Output exactly the lines below from the one containing "Автомобильное зарядное устройство" to the last line, both included. Omit pictures.

* **Available data**
————
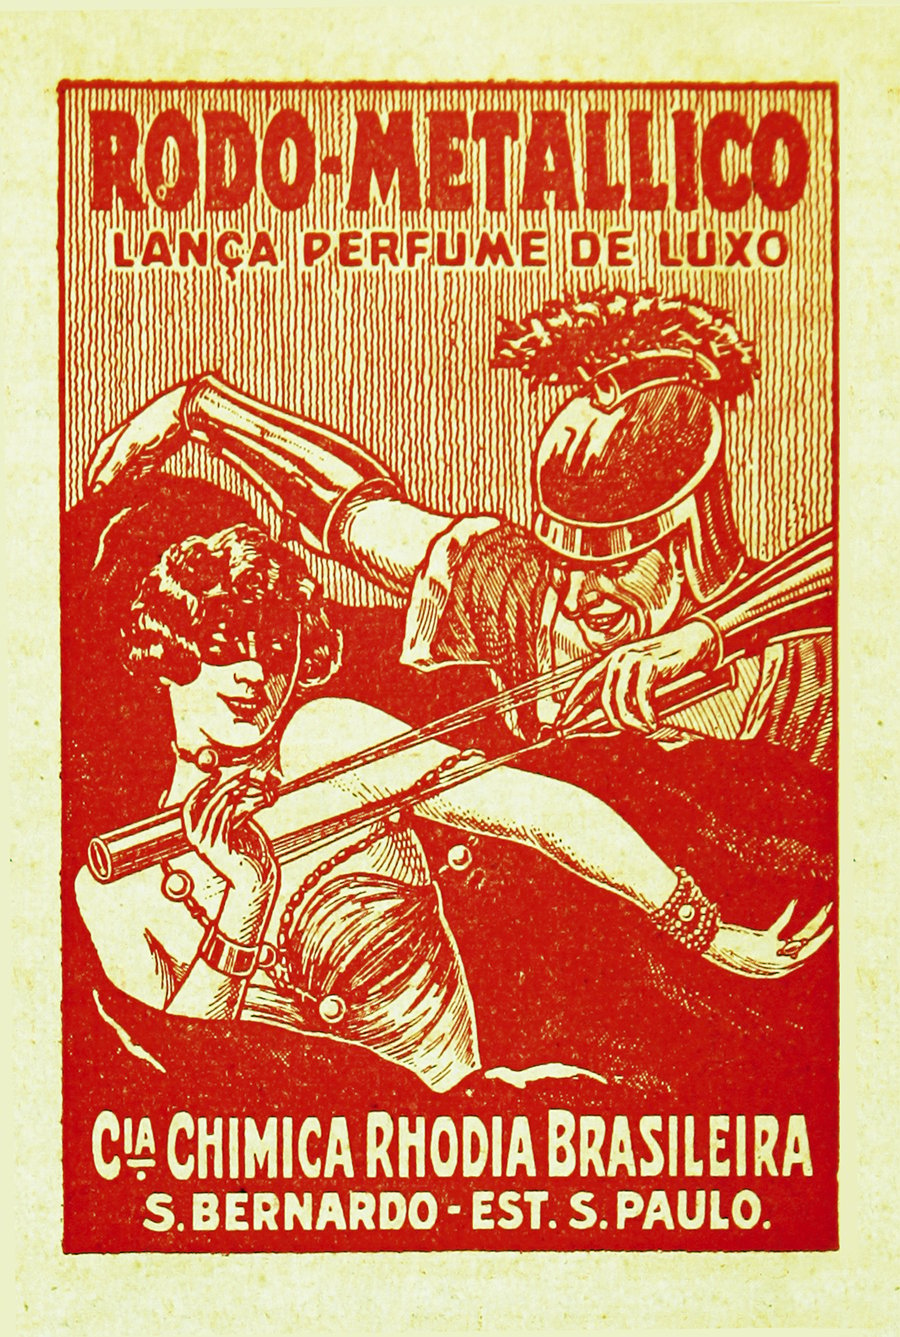 Publicidade do lança-perfume da Rhodia.
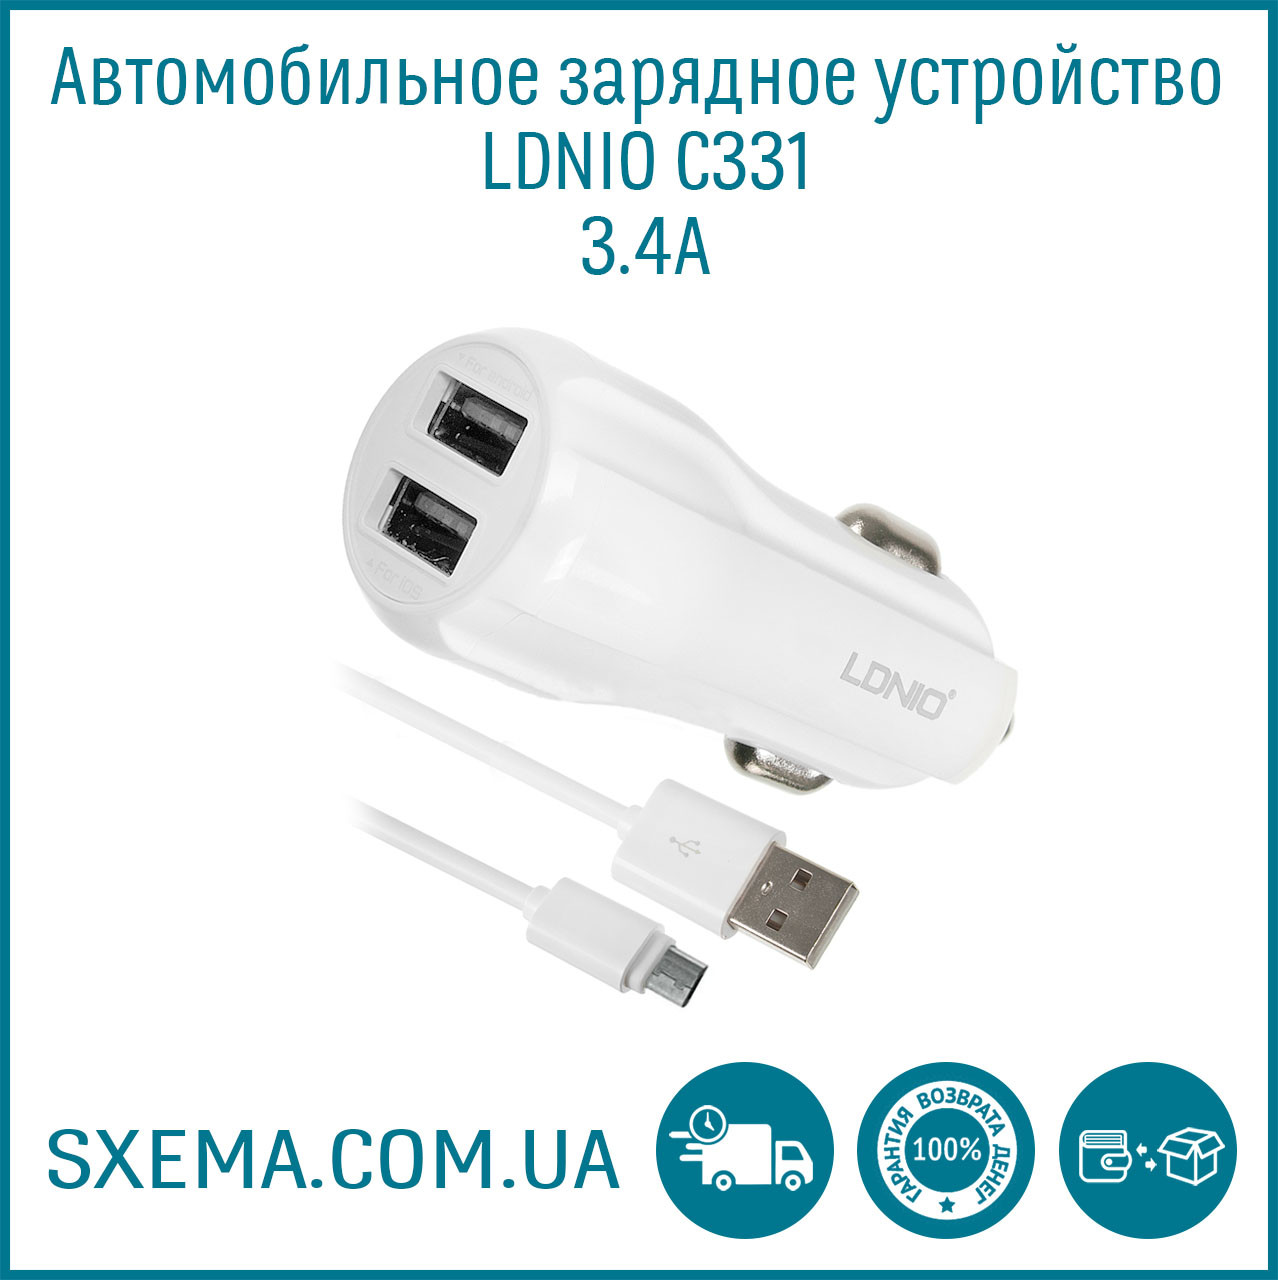 Автомобильное зарядное устройство USB LDNIO C331 3.4A , 2 USB с кабелем .
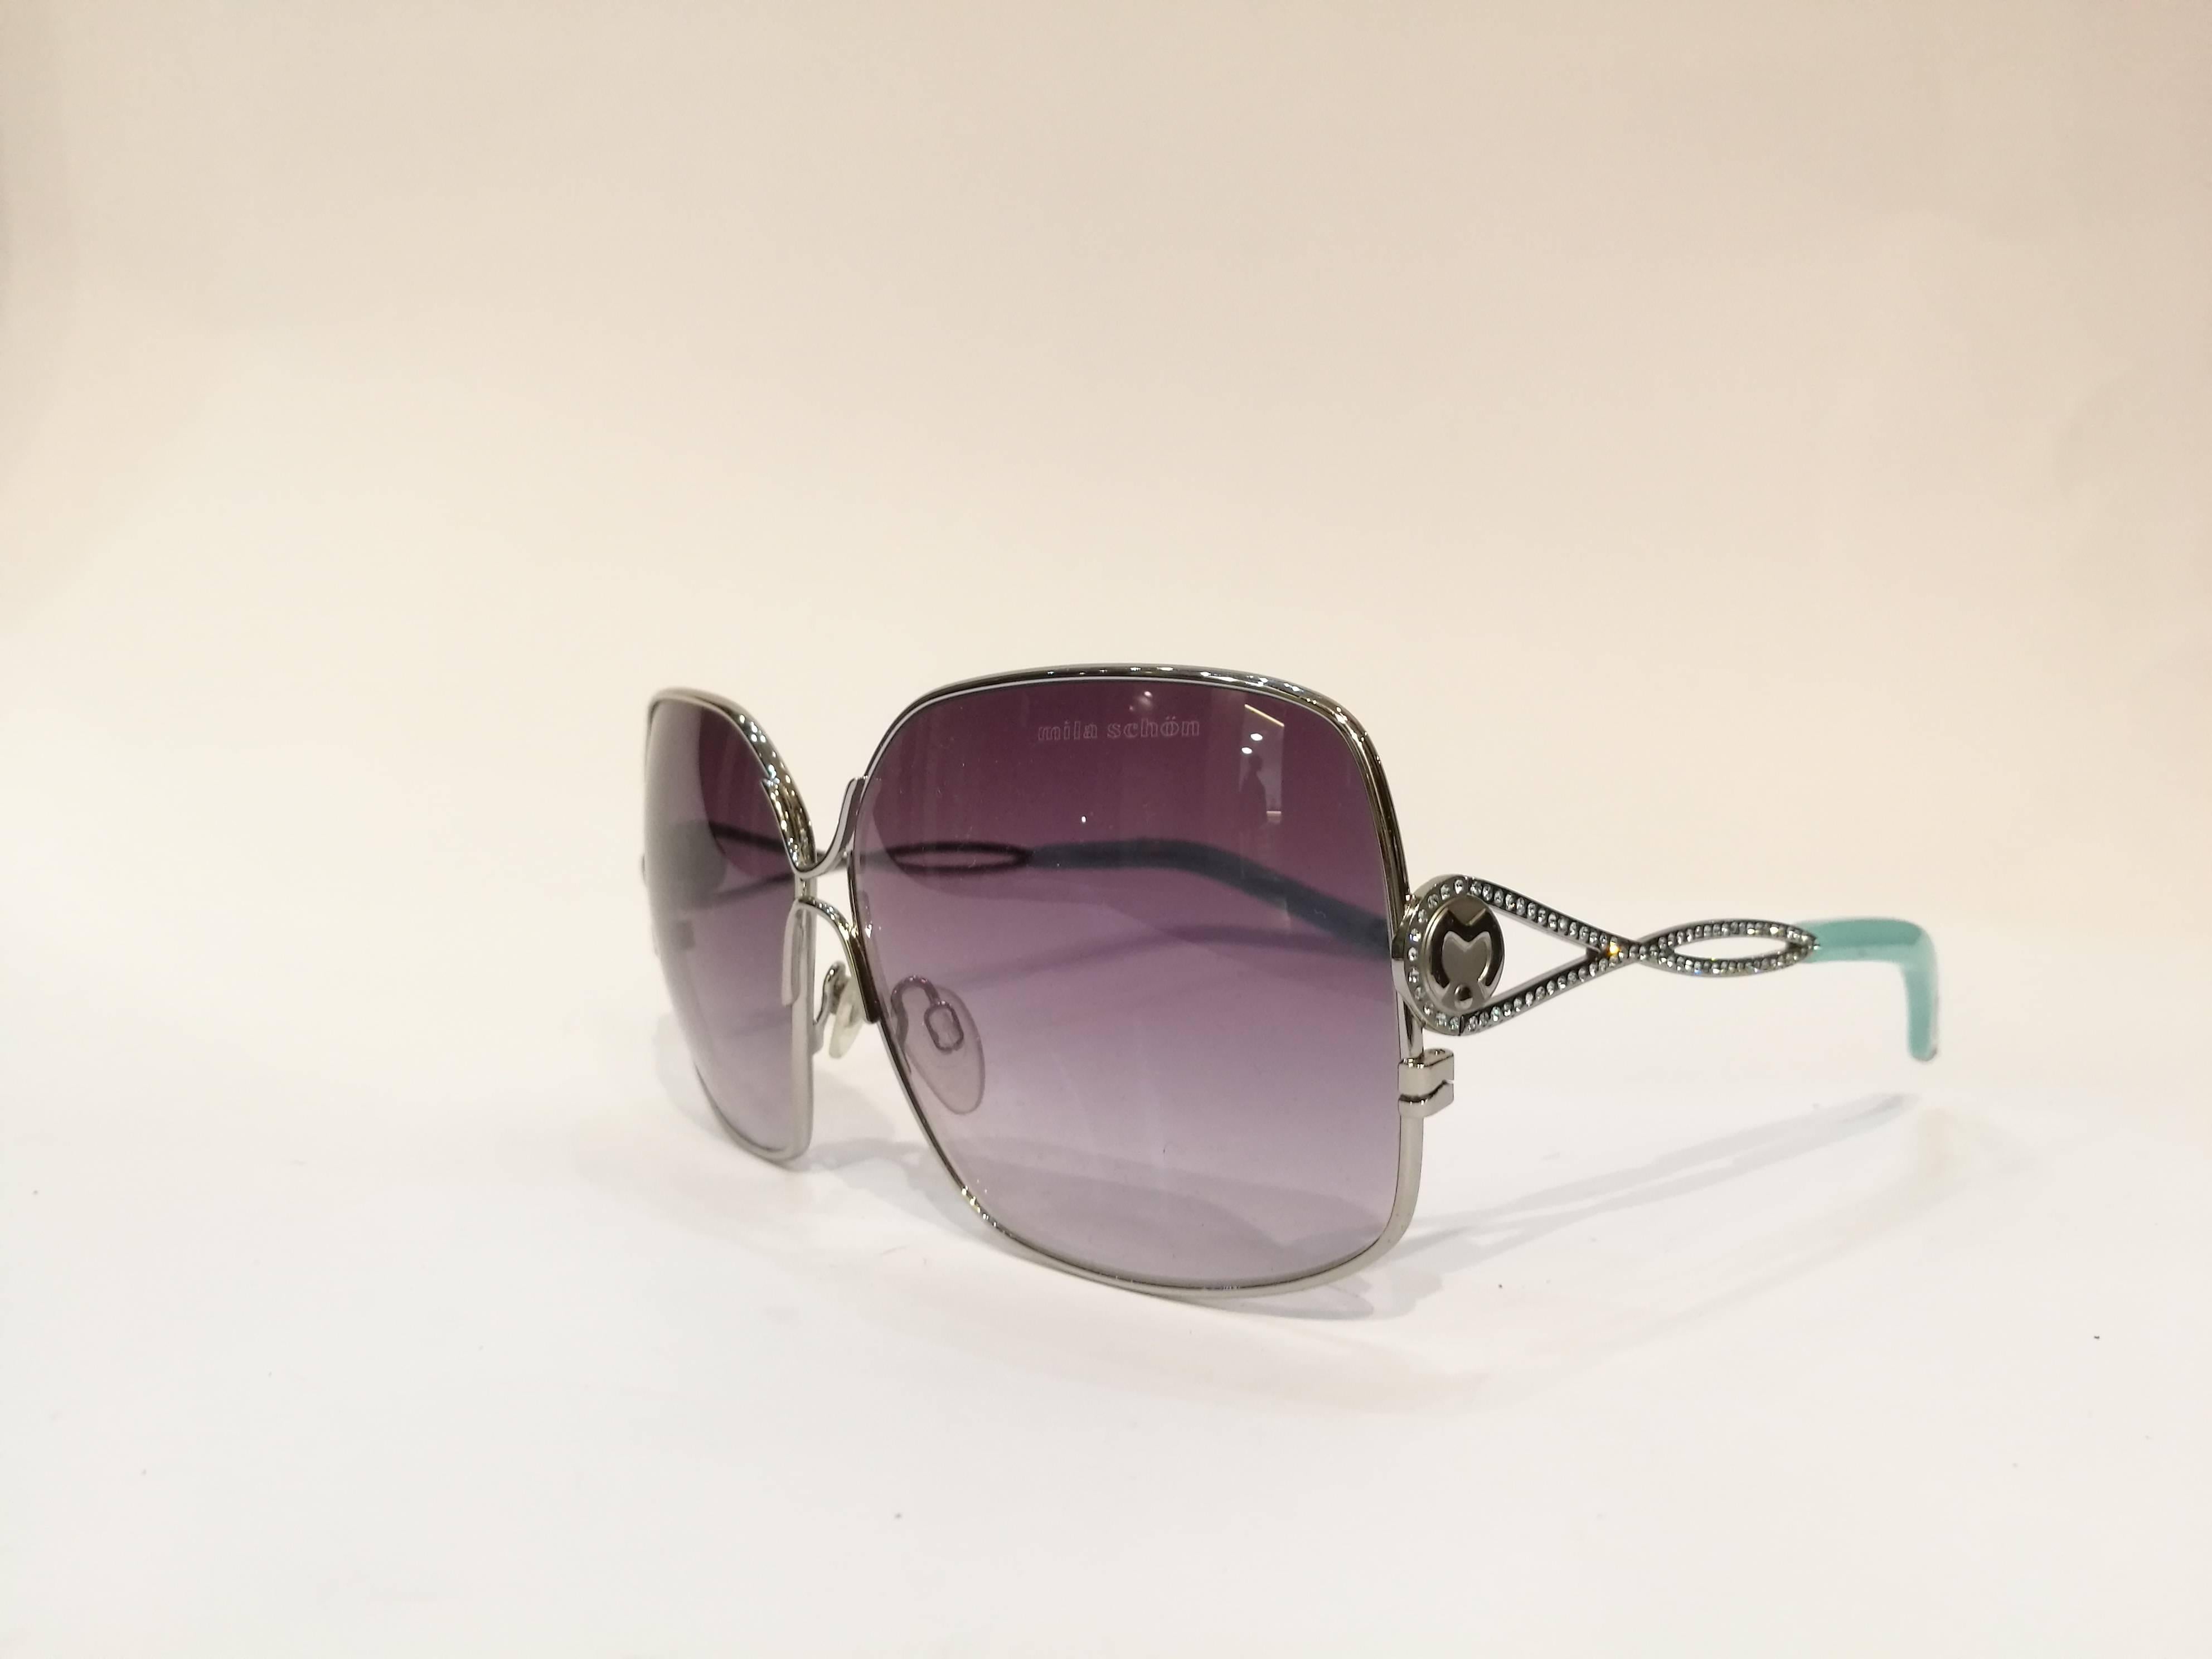 Mila Schon Multitone-Sonnenbrille
Violettfarbenes Glas mit blauen Linsen
————
* **Finished task**
 Автомобильное зарядное устройство USB LDNIO C331 3.4A , 2 USB с кабелем .
 Mila Schon Multitone-Sonnenbrille
Violettfarbenes Glas mit blauen Linsen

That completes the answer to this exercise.